Le roman montre aussi à quel point l’identité est altérée par notre rapport à l’autre. «L’autre fait ressortir en nous tout un potentiel qui n’a jamais été vécu. Et en même temps, il y a cette faculté de se métamorphoser, sans oublier ce qu’on est. La chose la plus dramatique pour moi, sur ce plan-là, est d’avoir changé de langue. Quand je relis ce que j’ai écrit, jeune, en arabe, je me dis: je connaissais tous ces mots! Mais finalement, dans ce que j’écris aujourd’hui, parfois, il y a des images, un rapport avec le temps, avec l’espace, qui ressurgissent de ce que j’ai été. Ce qu’on est contient ce qu’on a été. Et la difficulté, le drame, c’est quand on cherche à oblitérer ce qu’on a été.»
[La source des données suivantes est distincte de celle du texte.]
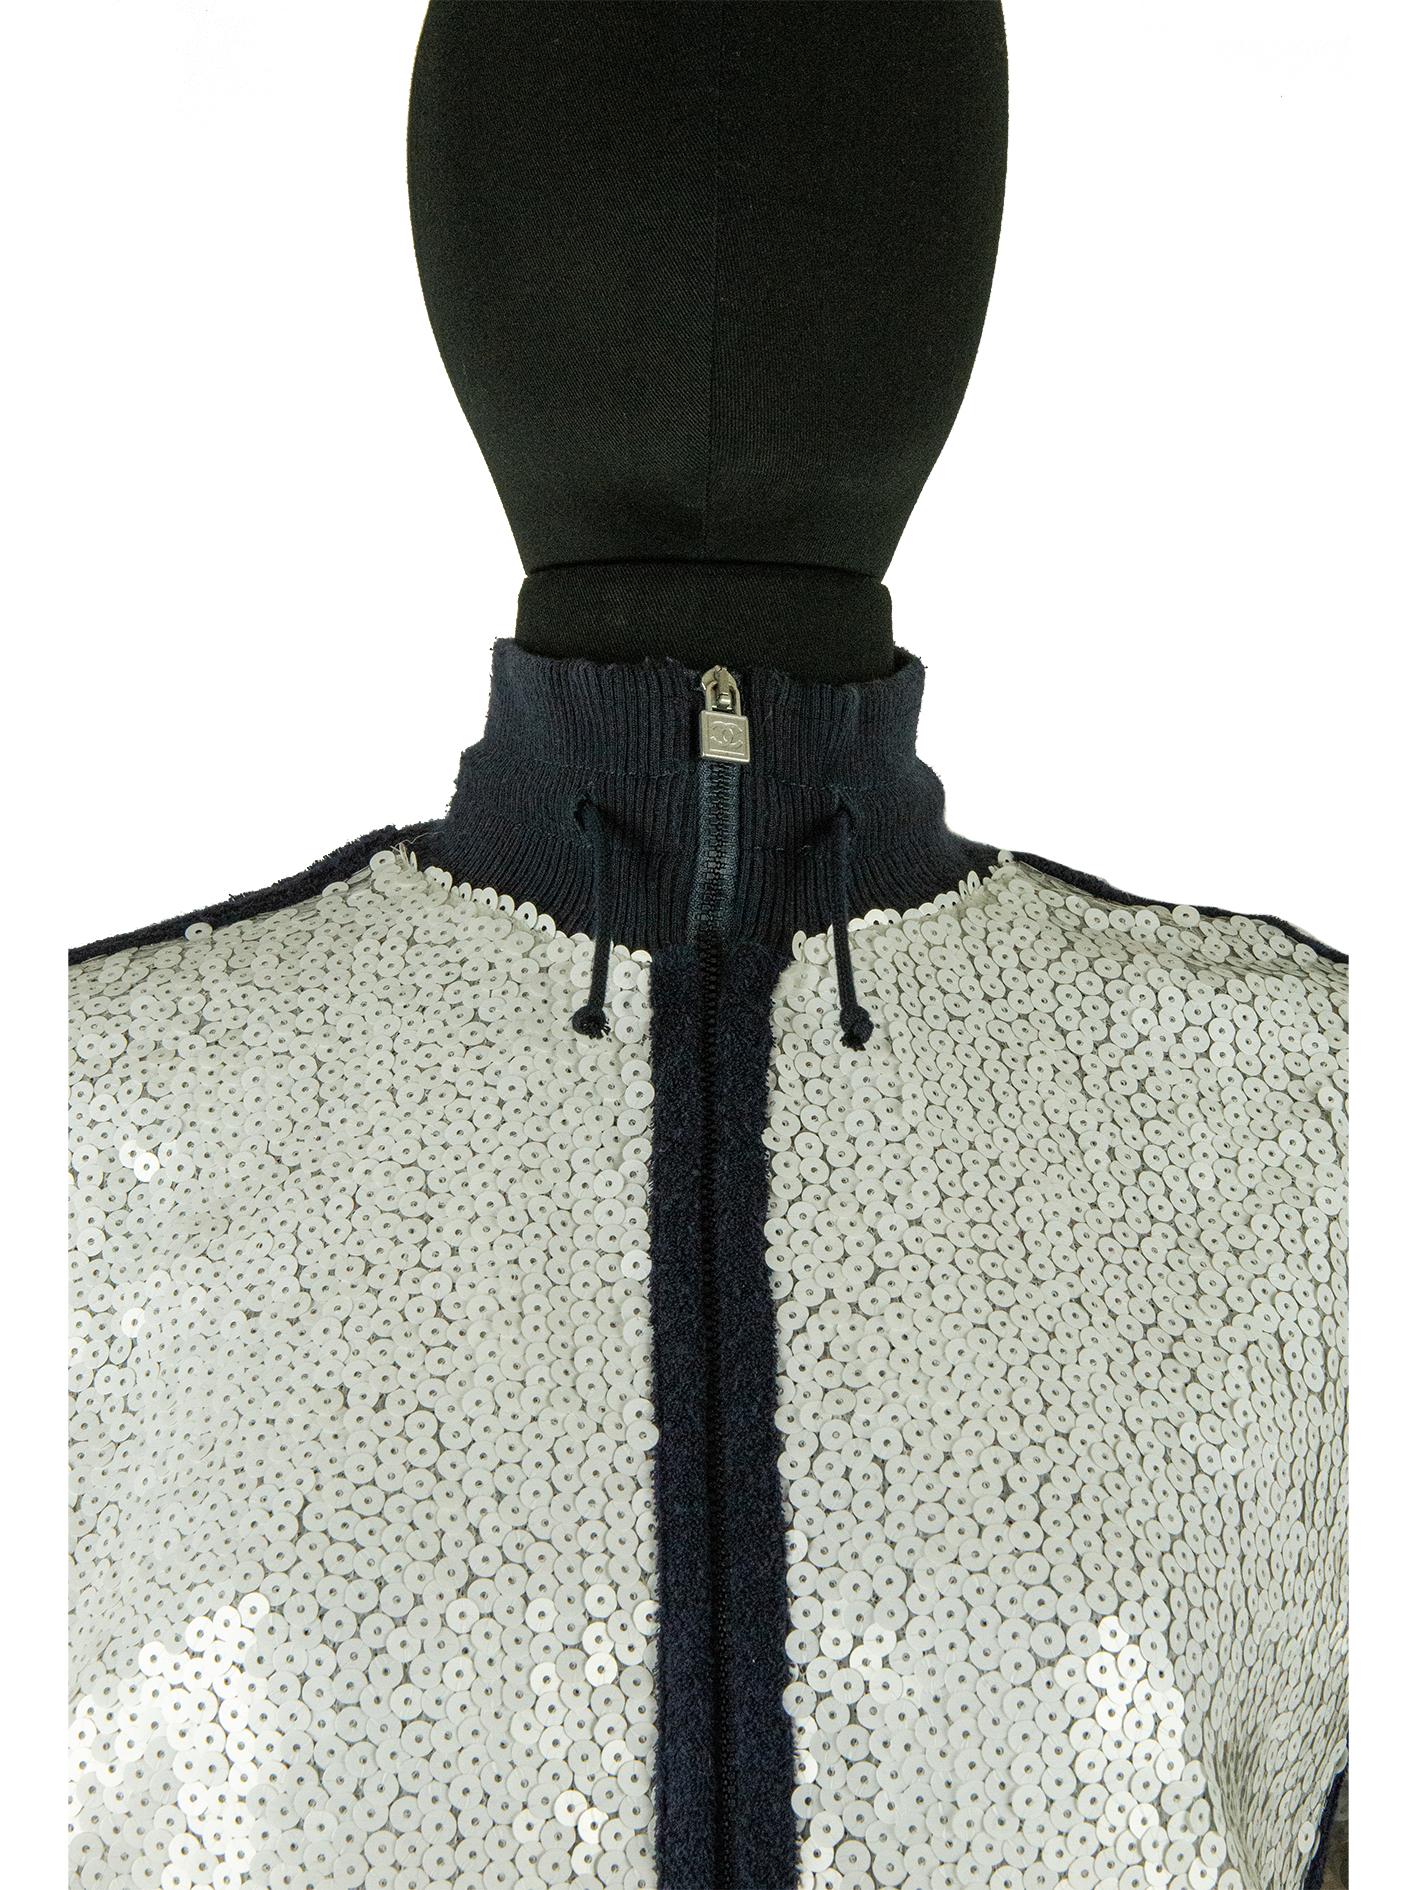 An icy white sequin-covered Chanel jacket from the cruise collection of 2008. This sporty jacket is an all-over covering of sequins in silvery white. With contrasting navy around the elasticated high neck collar, down into the zipper, into the

Lui continue à sonder les espaces interculturels, à interroger les inépuisables relations humaines, que ce soit dans ce roman ou dans ses nouvelles, intrigants petits récits qui captent des «moments de vérité, de choix, moments où l’on bascule»…
L’Amour reconnu
Élie enseigne et critique le théâtre à Montréal. Sarah poursuit ses recherches d’anthropologie à Paris. Tous deux sont nés dans d’autres pays. Entrés dans l’âge de la maturité, traînant un passé chargé de fantômes et d’amours éphémères, les tourtereaux ont envie d’un «nouveau départ». Conscients qu’il n’y aura pas de seconde chance, ils plongent dans cette passion avec ardeur et prudence entremêlées. C’est la beauté de leur relation. Entre le désir de dévoiler leur vie antérieure pour se révéler entièrement à l’autre et la crainte de susciter sa jalousie, ils racontent leur histoire par bribes, toujours menacés de briser ce délicat équilibre.
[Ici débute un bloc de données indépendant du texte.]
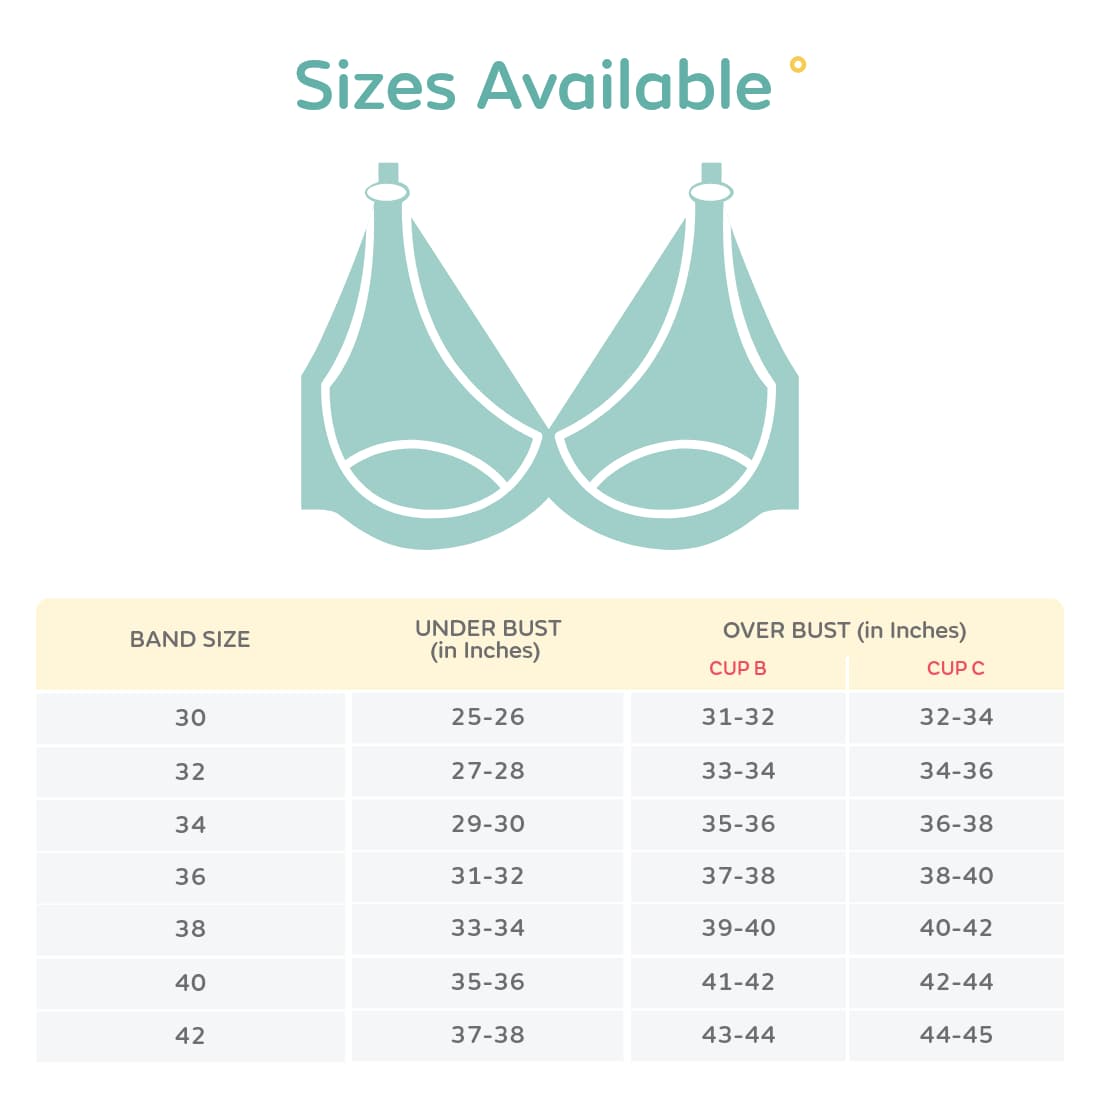 Mylo Maternity/Nursing Bras Non-Wired, Non-Padded - Pack of 3 with free Bra Extender (Classic Black, Classic White, Magnolia Cream) 36 C

Le roman fait donc l’aller et retour entre le passé et le présent, l’intrigue, chargée de réflexions, semblant un peu prisonnière d’une sorte d’abstraction narrative. Naïm Kattan explore l’amour naissant en profondeur, avec une richesse de nuances qui n’exclut pas toujours les redites, comme si l’auteur avait un peu étiré la sauce. Mais si le roman ne touche pas autant qu’il le devrait, L’Amour reconnu révèle en tout cas une remarquable finesse dans l’analyse des sentiments. Éd. l’Hexagone, 1999, 188p.